The 5 Darkest Landmarks in London

The 5 Darkest Landmarks in London

From exploding corpses under Tower Bridge to 15,000 bodies in an unconsecrated pit — London's grimmest spots hiding in plain sight.

London is a city built on layers of the dead. Not metaphorically — literally. Here are five places where the city's darkest history is hiding in plain sight.

1. Dead Man's Hole, Tower Bridge

Under the northern abutment of Tower Bridge, there's a white-tiled alcove that most people walk right past. This was the body collection point for the Thames.

Due to tidal currents, corpses of the drowned, murdered, and discarded naturally washed up at this exact spot. The alcove was lined with white tiles for a practical reason: decomposing bodies would sometimes explode from gas buildup, and the tiles could be hosed down more easily than stone.

Bodies were retrieved with grappling hooks via L-shaped steps leading into the water, then displayed for public identification.

2. Crossbones Graveyard, Southwark

The medieval Church of Winchester licensed prostitutes to work in Southwark's red-light district. It taxed their earnings. And then it refused to bury them on consecrated ground.

An estimated 15,000 people were buried at Crossbones — prostitutes, paupers, plague victims. Archaeologists found bodies piled on top of each other, many showing signs of smallpox, tuberculosis, and vitamin D deficiency.

In 2019, after years of activist campaigns, the site became an official Garden of Remembrance dedicated to "the outcast dead."

3. Execution Dock, Wapping

For four hundred years, pirates were brought to Execution Dock at low tide and hanged with a deliberately shortened rope. The short drop wouldn't break their neck — they died slowly by strangulation, limbs convulsing in what was called "the Marshal's dance."

After death, the bodies were left hanging until three tides had washed over them. The worst offenders were tarred and hung in iron cages along the Thames estuary. Captain William Kidd's corpse hung in a cage for three years after his 1701 execution.

Today, three riverside pubs fight over which one sits on the exact spot.

4. Tyburn Gallows, Marble Arch

Every time you walk from Oxford Street to Marble Arch, you're retracing the exact route that an estimated 50,000 condemned prisoners took to the gallows over six centuries.

The "Tyburn Tree" erected in 1571 was a triangular gallows that could hang 24 people simultaneously.

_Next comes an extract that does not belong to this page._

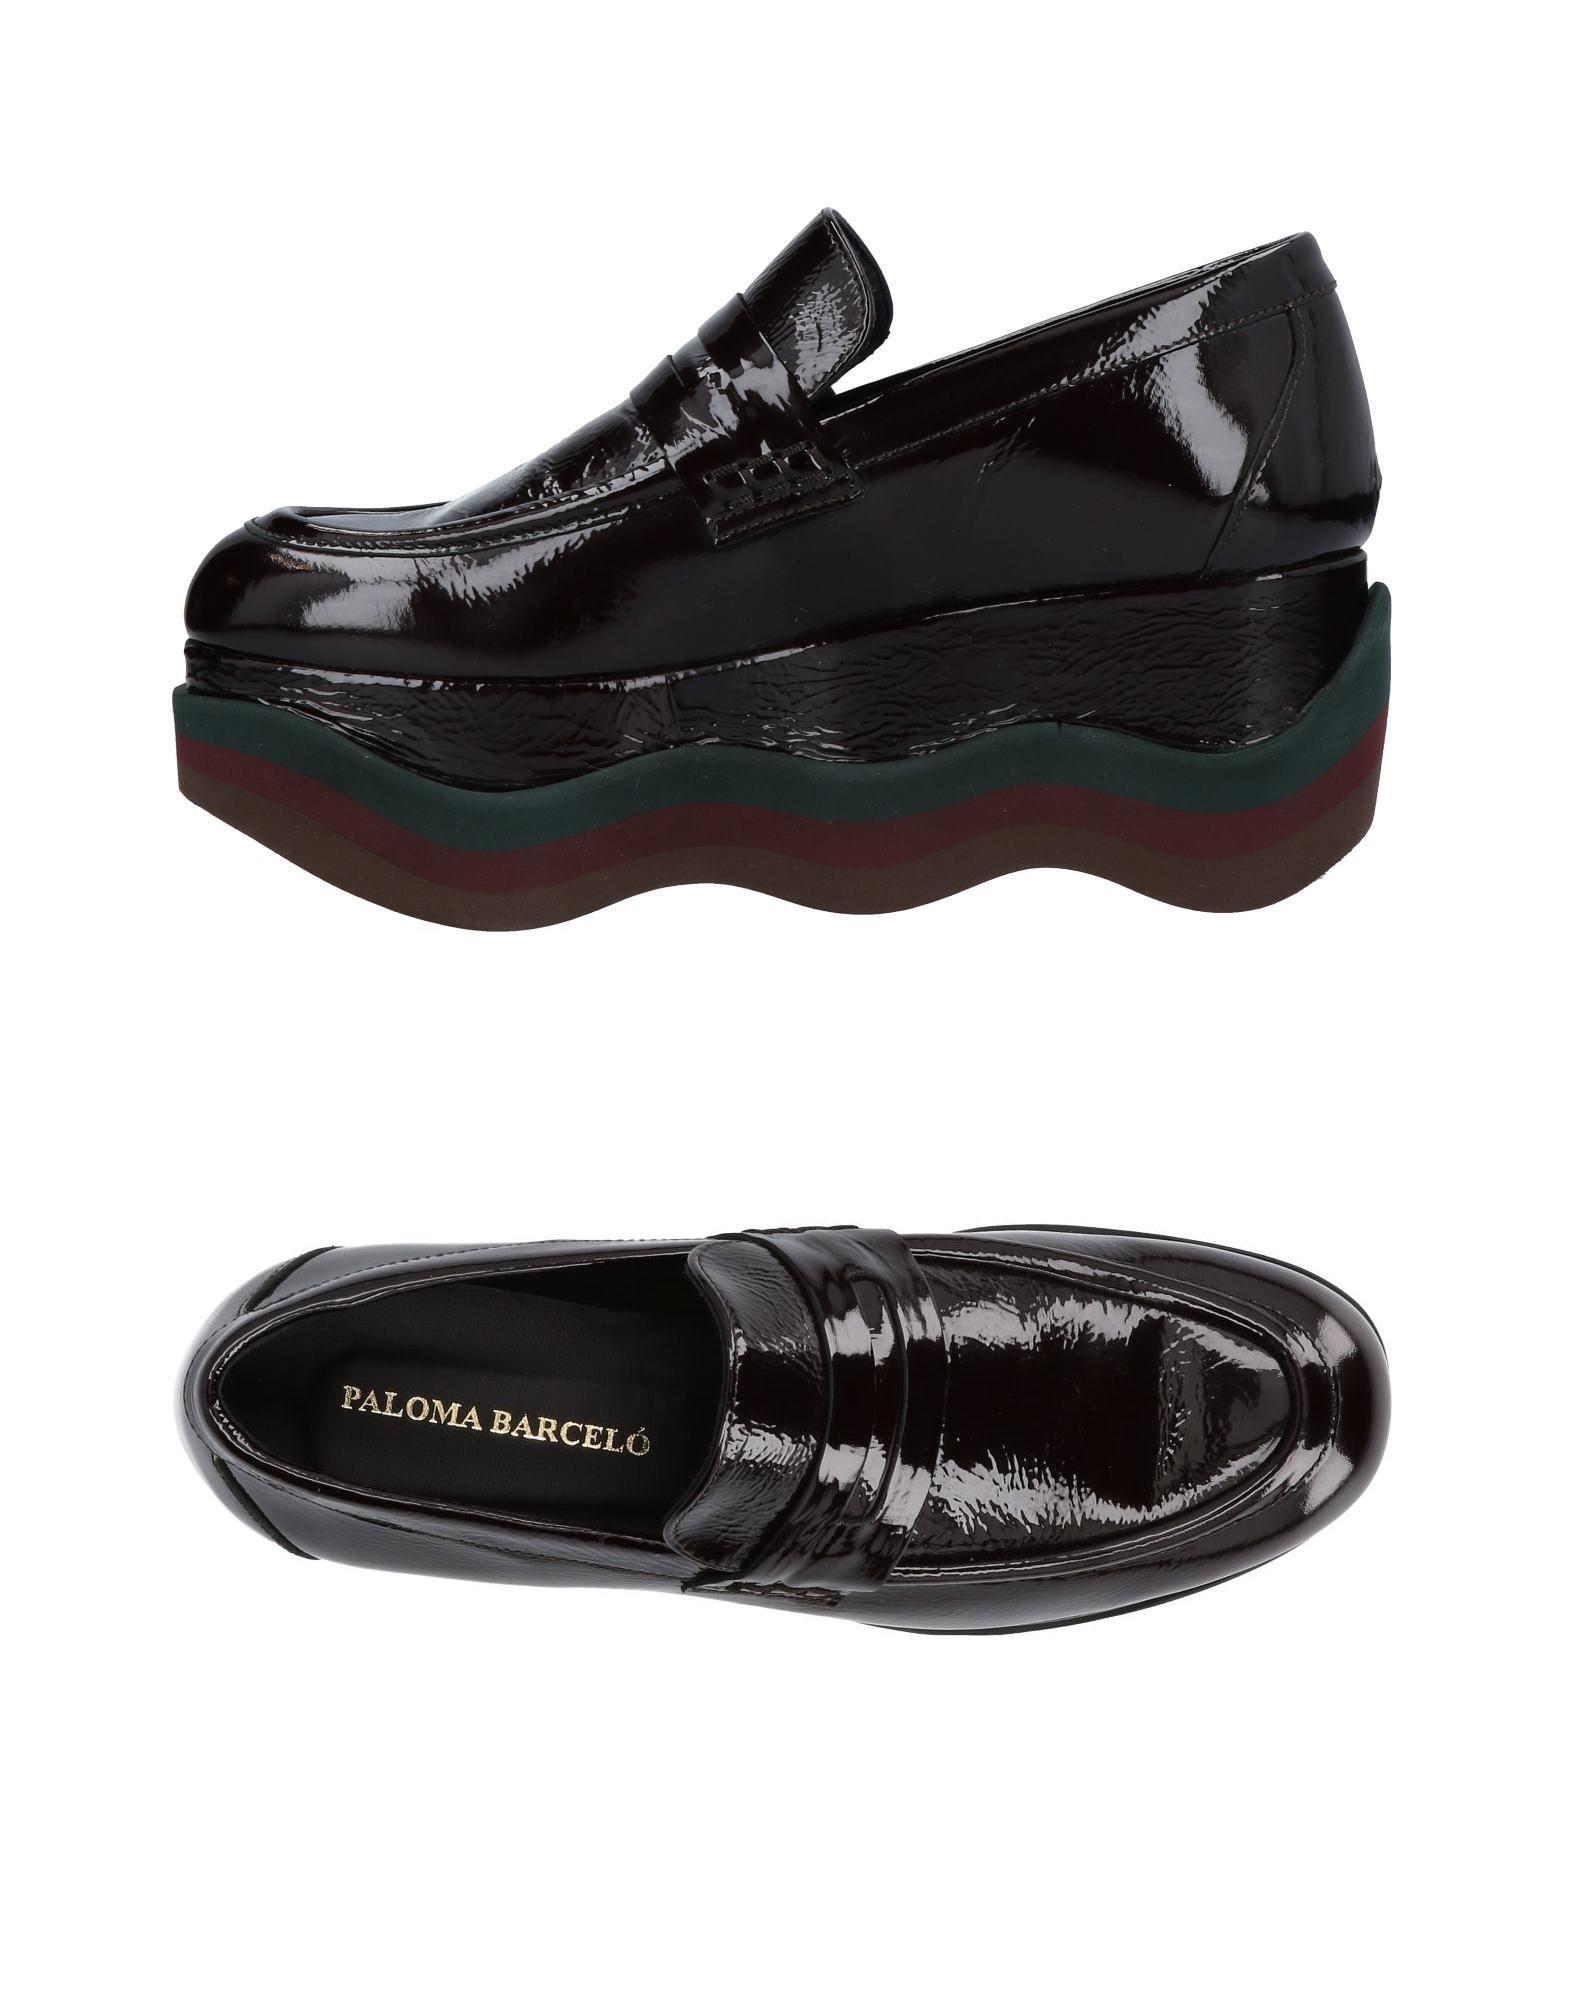 Paloma Barceló Mokassins Damen  11452543SXGut aussehende strapazierfähige Schuhe
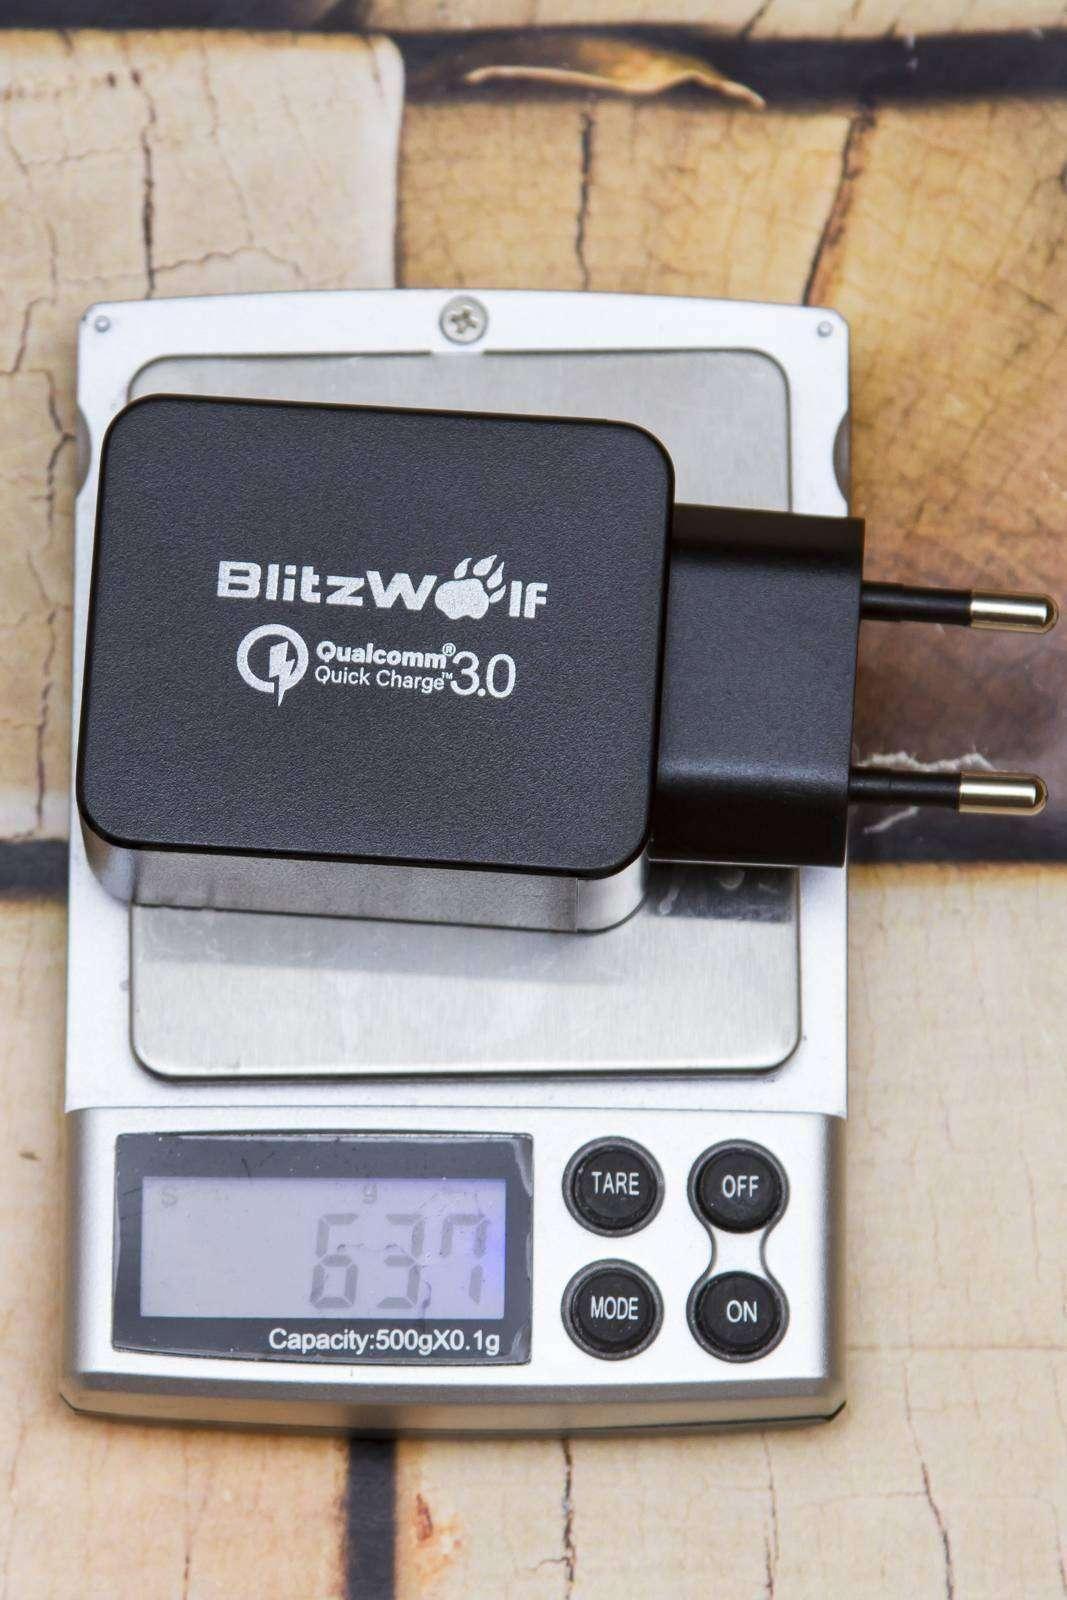 Banggood: Отличная зарядка с поддержкой Quick Charge 3.0 - BlitzWolf® BW-S5

Prisoners made a public procession from Newgate Prison down what is now Oxford Street, traditionally stopping for a final drink at a pub in St Giles — the origin of the phrase "one for the road."

The site is now marked by a tiny circular plaque embedded in a traffic island that most people walk right past.

5. The Charterhouse, Clerkenwell

Beneath Charterhouse Square lie an estimated 20,000 plague victims from the Black Death of 1348. Crossrail excavations in 2013 found skeletons with confirmed plague bacteria DNA still present.

But the story gets worse. The Carthusian monks who later prayed over these graves refused to accept Henry VIII as head of the church. Prior John Houghton was hanged, drawn, and quartered. The remaining monks who wouldn't sign were sent to Newgate Prison and starved to death.

The site has been, in sequence: a plague pit, a monastery, a Tudor mansion, a school, and an almshouse for elderly gentlemen — which it still is today.

London doesn't hide its dead. It just builds on top of them and hopes nobody looks down.